From a physical perspective, EOR cannot be decoupled from earlier production stages, as its apparent favorable conditions for producing low-carbon oil exist solely due to prior exploitation. While DAC-based CO2-EOR may reduce the overall carbon footprint of oil by 10–32% (Fig. S2, ESI), oil remains a carbon-intensive resource. To achieve net-zero emissions, the additional CO2 that cannot be stored in the reservoir could be sequestered elsewhere—such as in saline aquifers commonly located beneath oil reservoirs or in other suitable geological formations. However, this storage operation is independent of oil production itself, redirecting attention to the broader question of whether fossil fuel emissions should be offset through carbon removals.

From a policy perspective, there may be arguments for omitting certain legacy emissions from CO2 accounting—particularly for depleted fields where the environmental impact has already occurred. The long time frames of oil production, often spanning multiple operators and extraction phases, complicate accountability. However, the situation is fundamentally different for new oil and gas developments, i.e., initiated now or in the future. These projects are developed with full awareness of the emissions involved, and omitting earlier-phase emissions while claiming climate neutrality during EOR is wrong. Establishing transparent and consistent carbon accounting frameworks is essential to prevent misleading narratives about the climate impact of oil production and to ensure accountability in meeting climate targets.

5 Conclusion

We developed a general top-down approach that enables a consistent and efficient assessment of the carbon balance of oil and gas reservoirs, including and focusing on the EOR phase. This approach is based on simple material and volume balances and allows mapping the produced fluids onto a ternary diagram, thus yielding an insightful geometrical representation. Our assumptions provide a lower-bound estimate of the overall carbon footprint, as it excludes indirect emissions from hydrocarbon use. Project-specific insights from life cycle analyses can further refine the model parameters within the proposed framework.
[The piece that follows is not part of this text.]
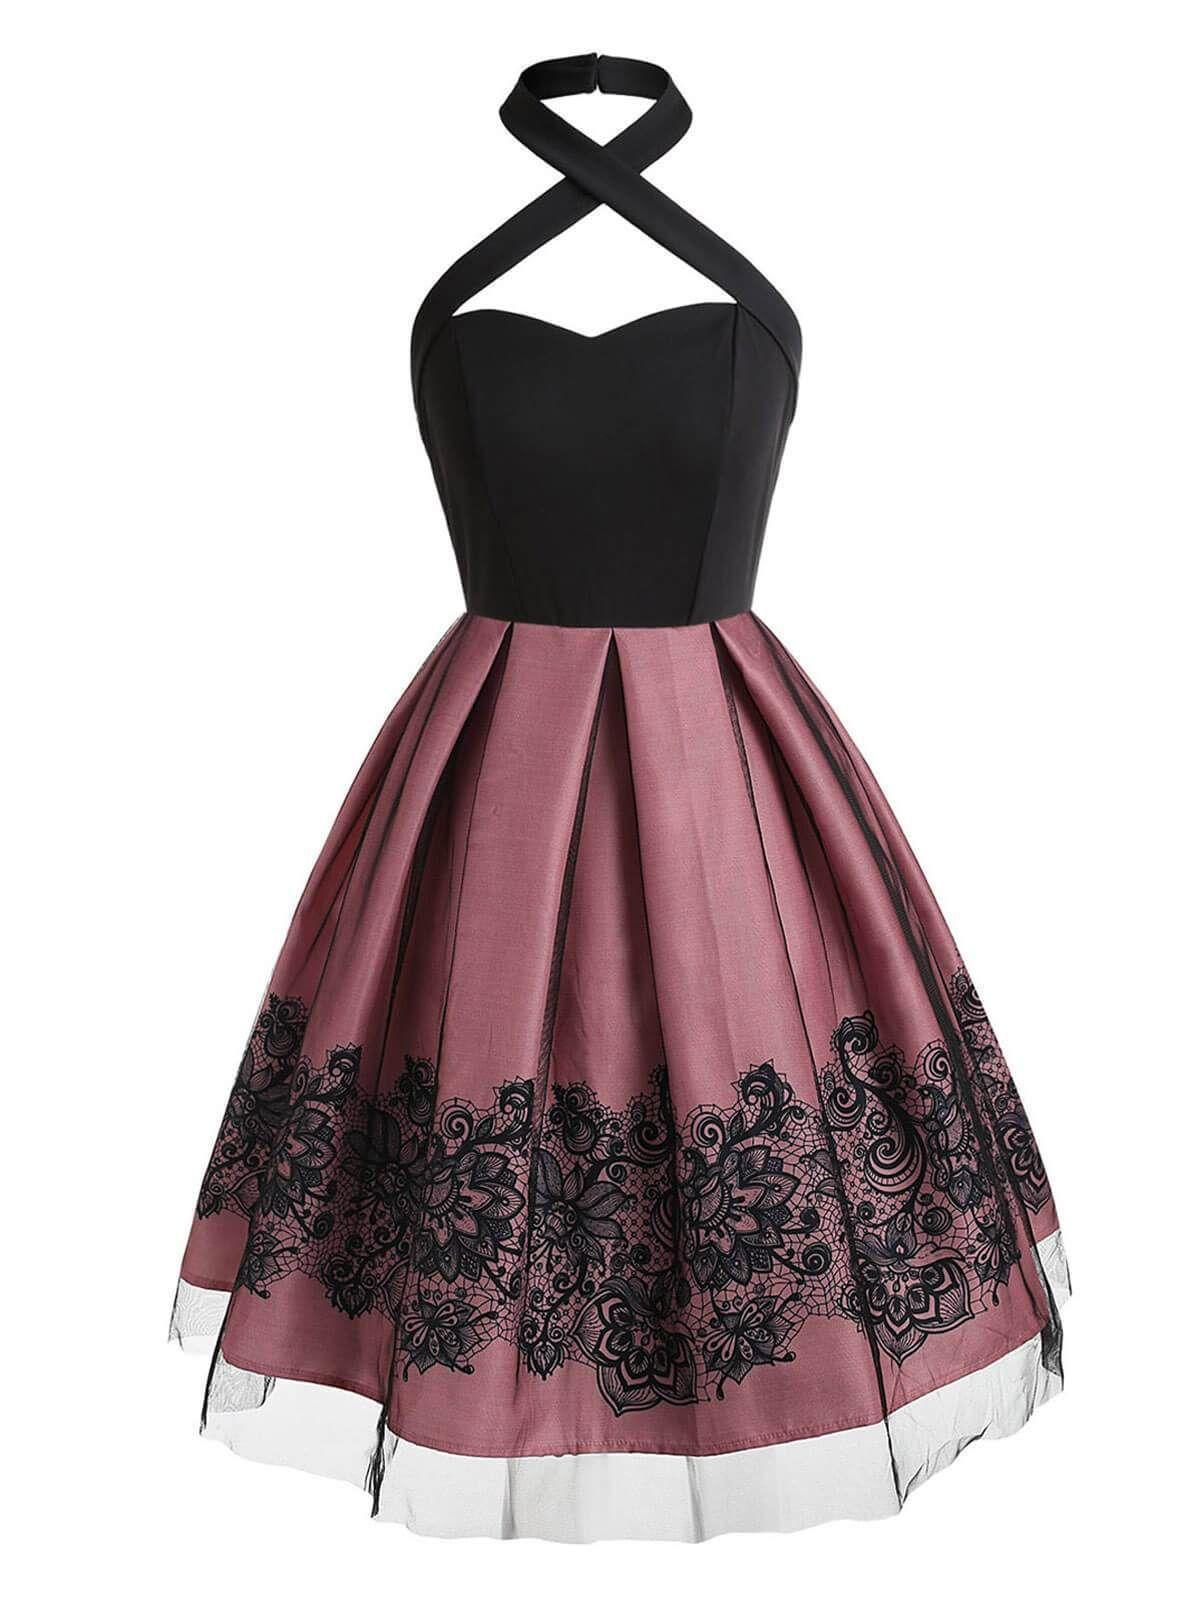 1950s Halter Patchwork Swing Dress

Our analysis demonstrates that CO2-EOR does not enable the production of carbon-neutral oil when the entire reservoir lifetime is considered, as oil reservoirs lack the capacity to store all the CO2 generated from extracted hydrocarbons. While carbon neutrality may appear achievable within limited time frames—such as during part or all of the CO2-EOR phase—this overlooks emissions from earlier production stages. These findings underscore the need for clear frameworks to address legacy emissions.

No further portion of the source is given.